HIS LAST FIGHT IN THE RING, AND ANOTHER FIGHT LATER.

BY LOUIS JOSEPH VANCE.


I.

THIS was to be his last fight—in the ring, at least. Of that the Spider felt sure, as he jumped over the ropes with a tawdry simulation of his one-time jauntiness. He was telling himself that he was a goner, a has-been. But he would fight this fight, anyhow; and after they had counted time on him—as they were bound to, he felt—he would quit it dead.

His opponent, the Harlem Smasher, lingered in his dressing-room; he was in no haste to win. Impatiently the Spider moved about within the squared circle, feeling of the padded posts, testing with his feet the resiliency of the padded flooring—pawing it with something in his manner suggestive of a veteran cavalry charger sniffing again the smell of powder.

The air was humid and foul with the reek of cheap beer and the fumes of doubtful cigars. Some two hundred men were herded together in the narrow confines of Maguire's secluded back room. They smoked, drank, spat ceaselessly, exchanging rude persiflage and making wagers in subdued tones. The gas in the chandelier above the ring flared yellow and smoky.

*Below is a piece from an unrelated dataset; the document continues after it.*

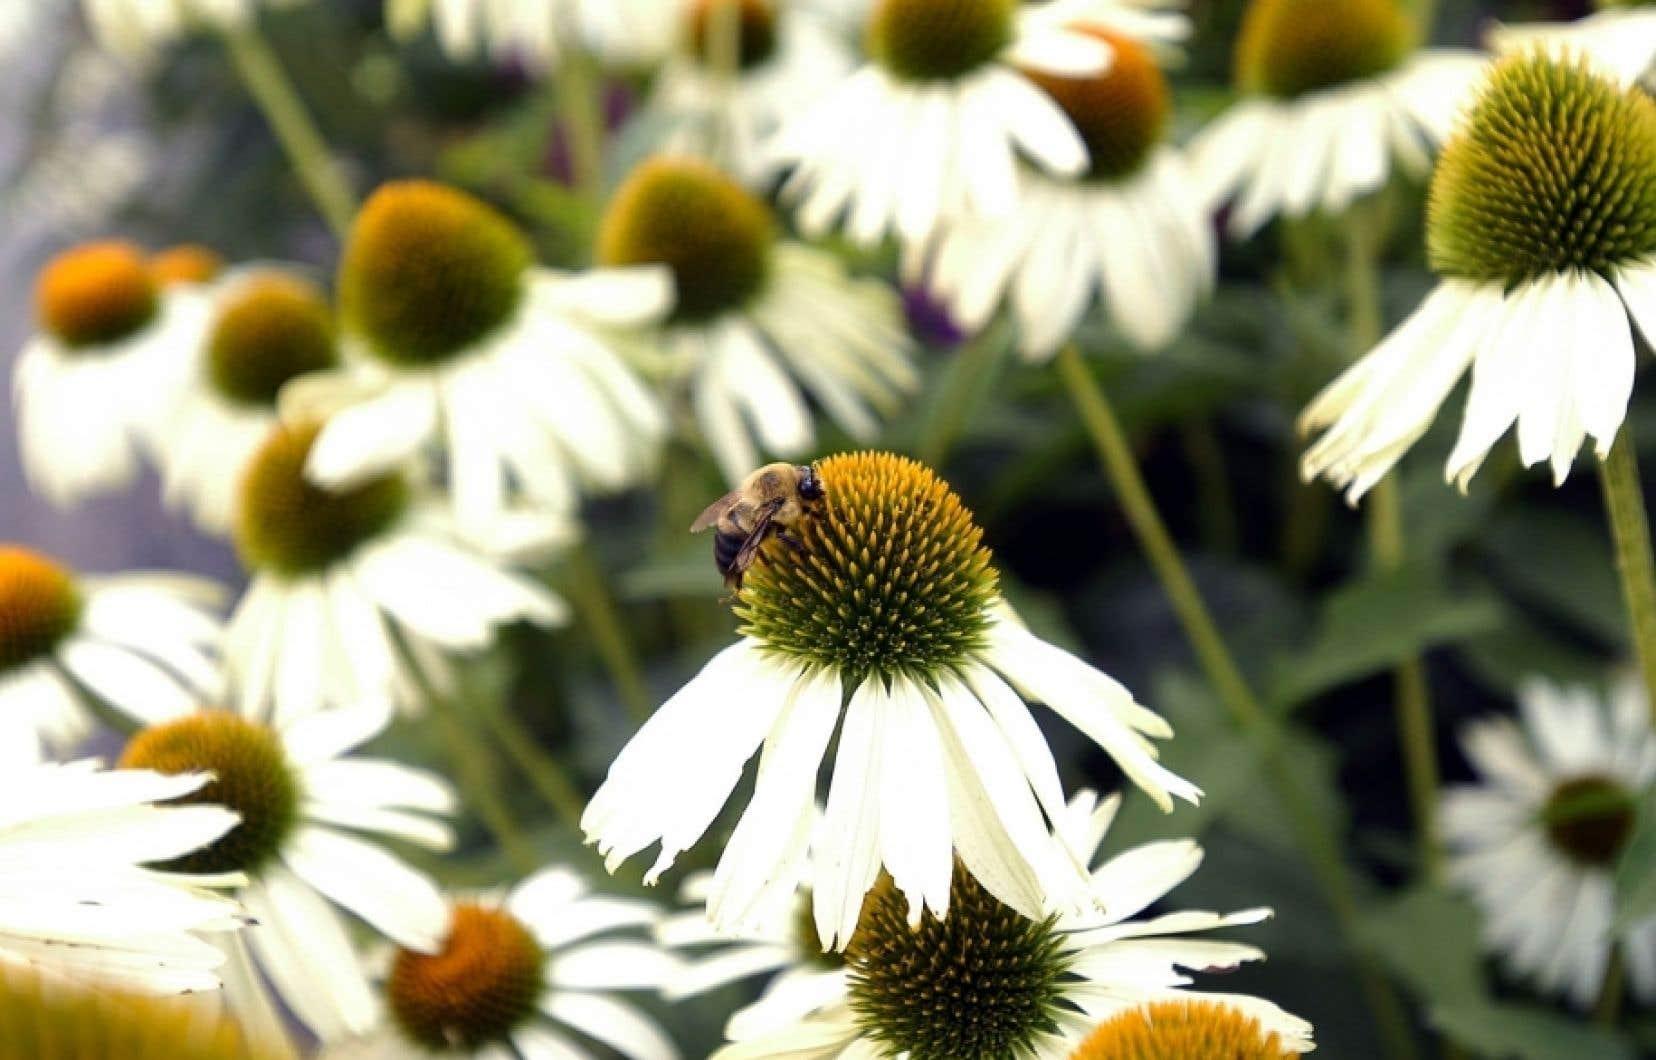 Les abeilles, dont le nombre disparaît dangereusement, sont responsables, par leur pollinisation, de plus d'un tiers de notre alimentation.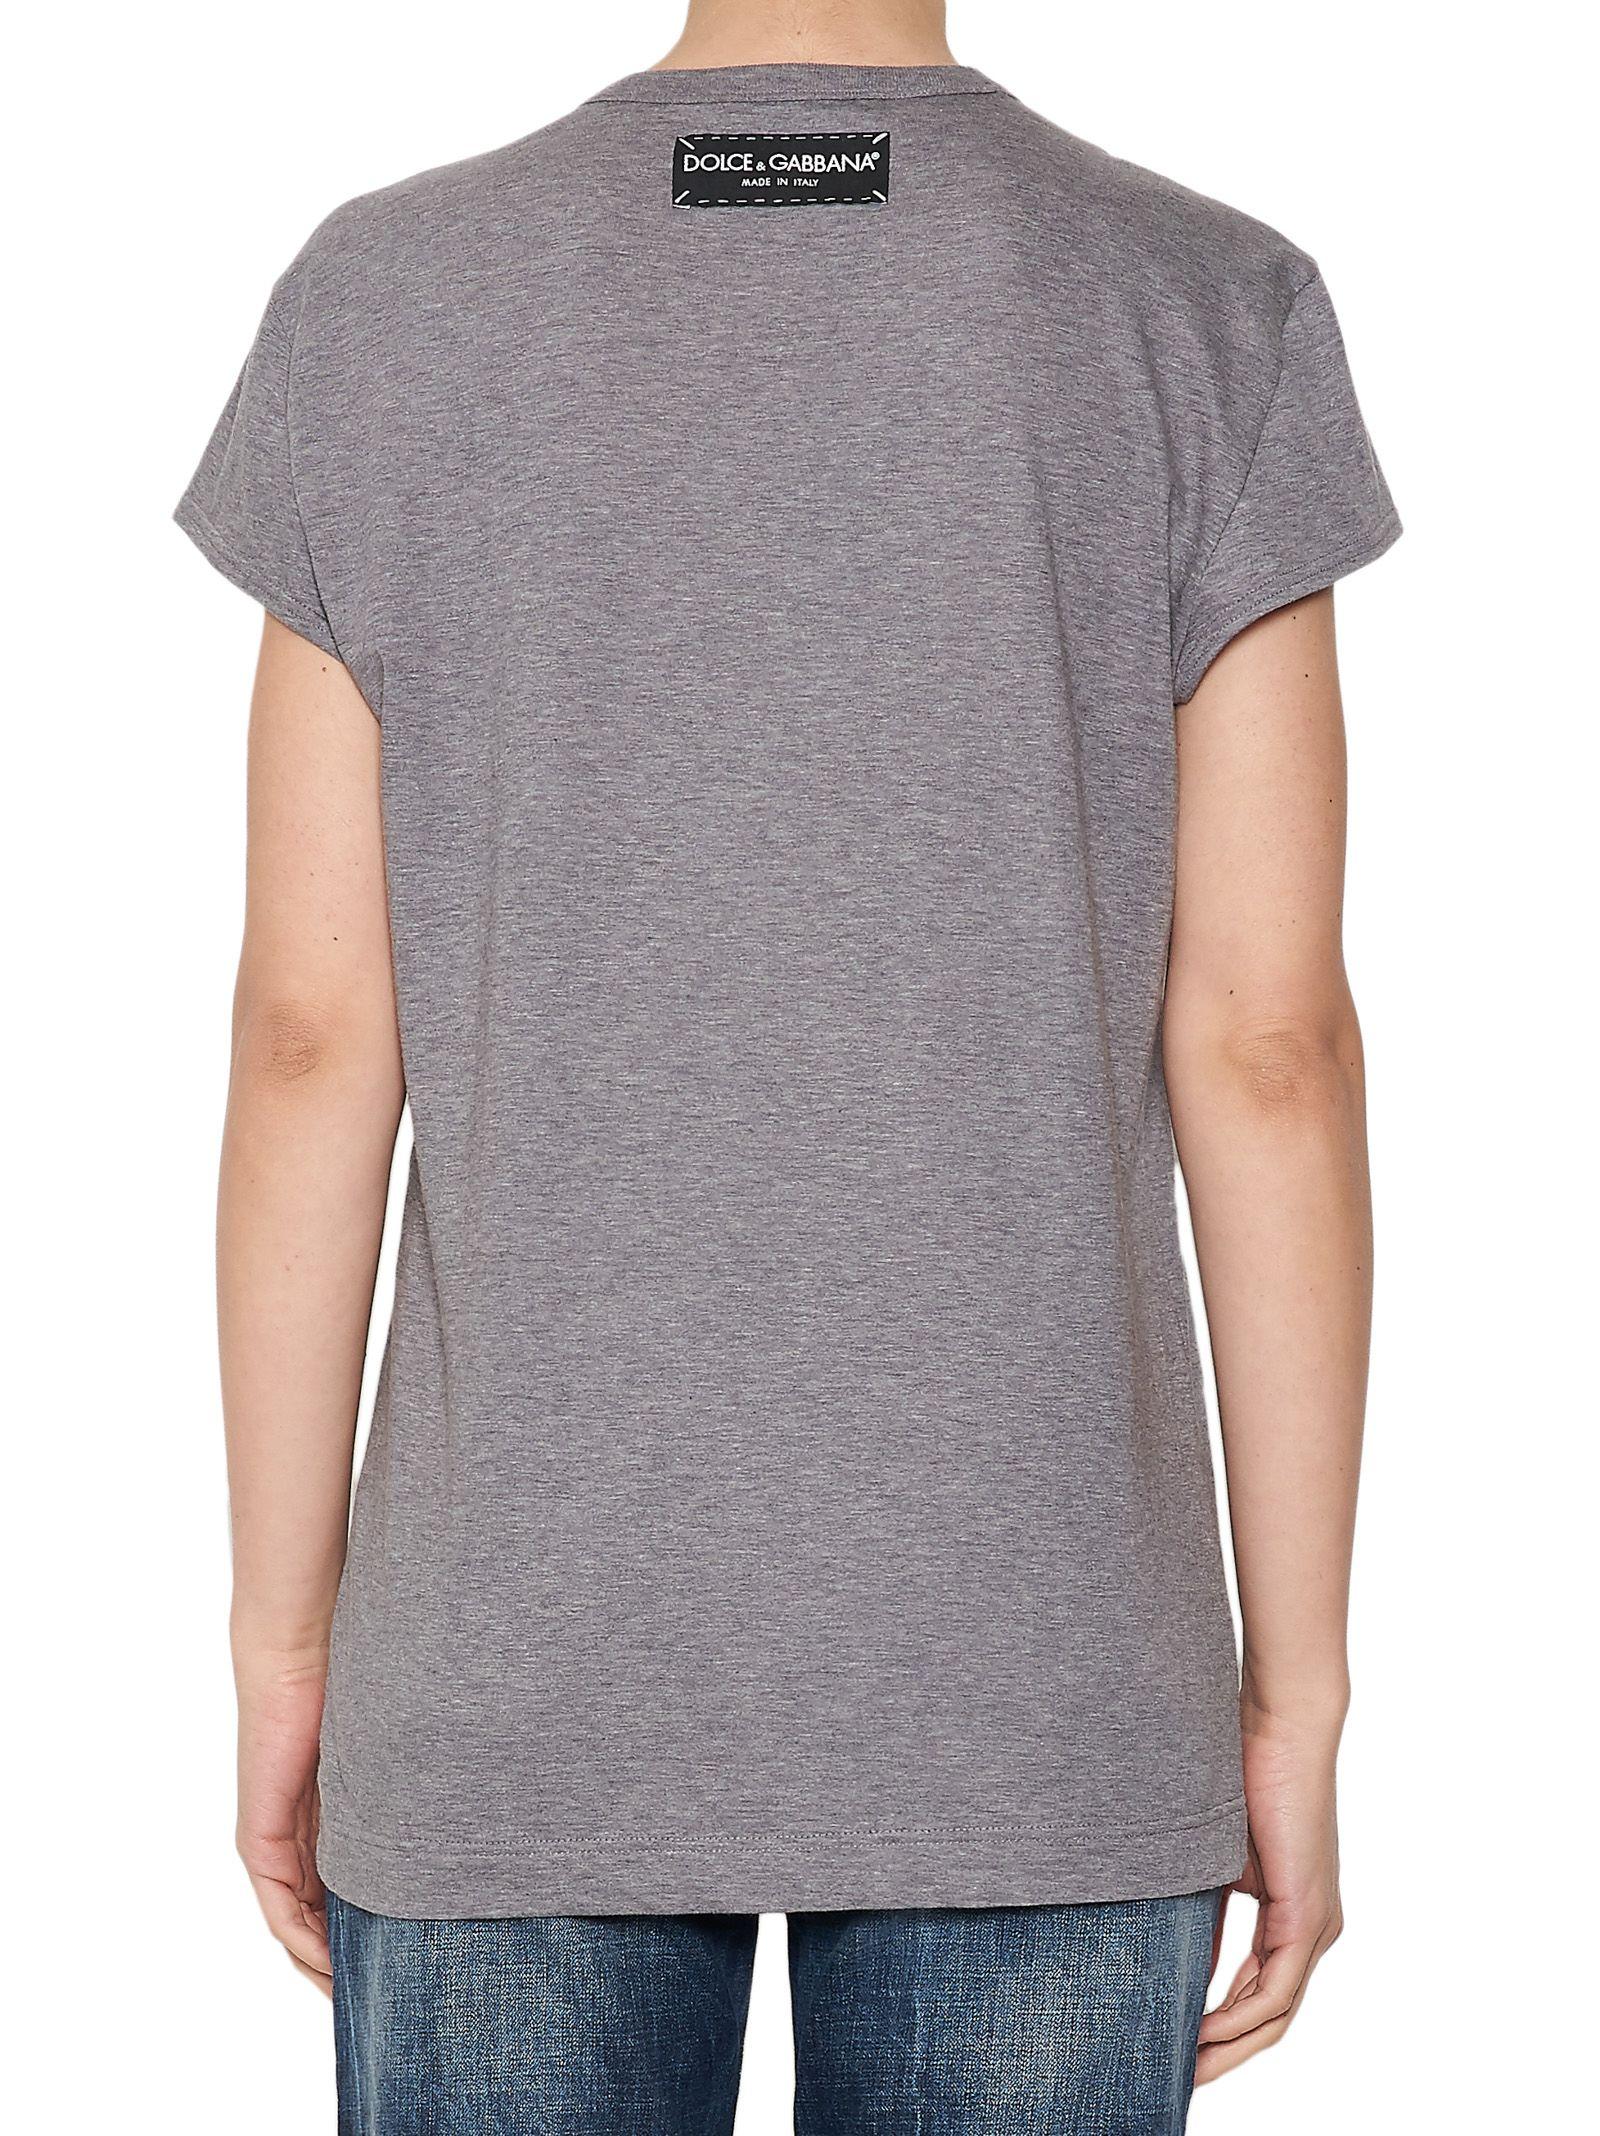 Dolce gabbana dolce gabbana t shirt grey women 39 s for Dolce gabbana t shirt women

A faint disgust stirred within the Spider; hardened as he was, the faded, blowsy atmosphere well-nigh sickened him. Since noon of yesterday no food had passed his lips save a handful of free lunch which he had appropriated as he made his way through Maguire's crowded bar-room.

He moistened his dry, cracked lips with the tip of his tongue, furtively glancing out over the flushed sea of upturned faces; seeking a friendly eye, and finding none, in all that assemblage of calloused, indifferent, brutalized "sports." Somehow, he had felt that the encouragement of a well-wisher's presence at the ringside would have heartened him to put up a stiffer fight, to give the Harlem Smasher a run for the money. But no; even his own second, puffing a cheap cigarette as he squatted upon a stool in the corner of the ring, a coarse towel over the arm that held the sponge, was betting against his principal.

There was a stir at the door. The keeper opened it cautiously, to admit a party of three or four swells—young, careless men in evening dress, obviously something the worse for drink. The Spider looked them over anxiously, but they scarcely noticed him. Vaguely disheartened—if he could now be more so than before—he turned away, shading his red-rimmed eyes from the glare of the gasolier. He gulped convulsively. His last fight!

Suddenly the crowd was electrified by the appearance of the Harlem Smasher himself, boyish, smiling, throwing a confident word over the serried heads to an admirer. The heart of the Spider sank as the other vaulted over the ropes, a laugh on his lips; they were cheering him—but softly, that the police might not hear.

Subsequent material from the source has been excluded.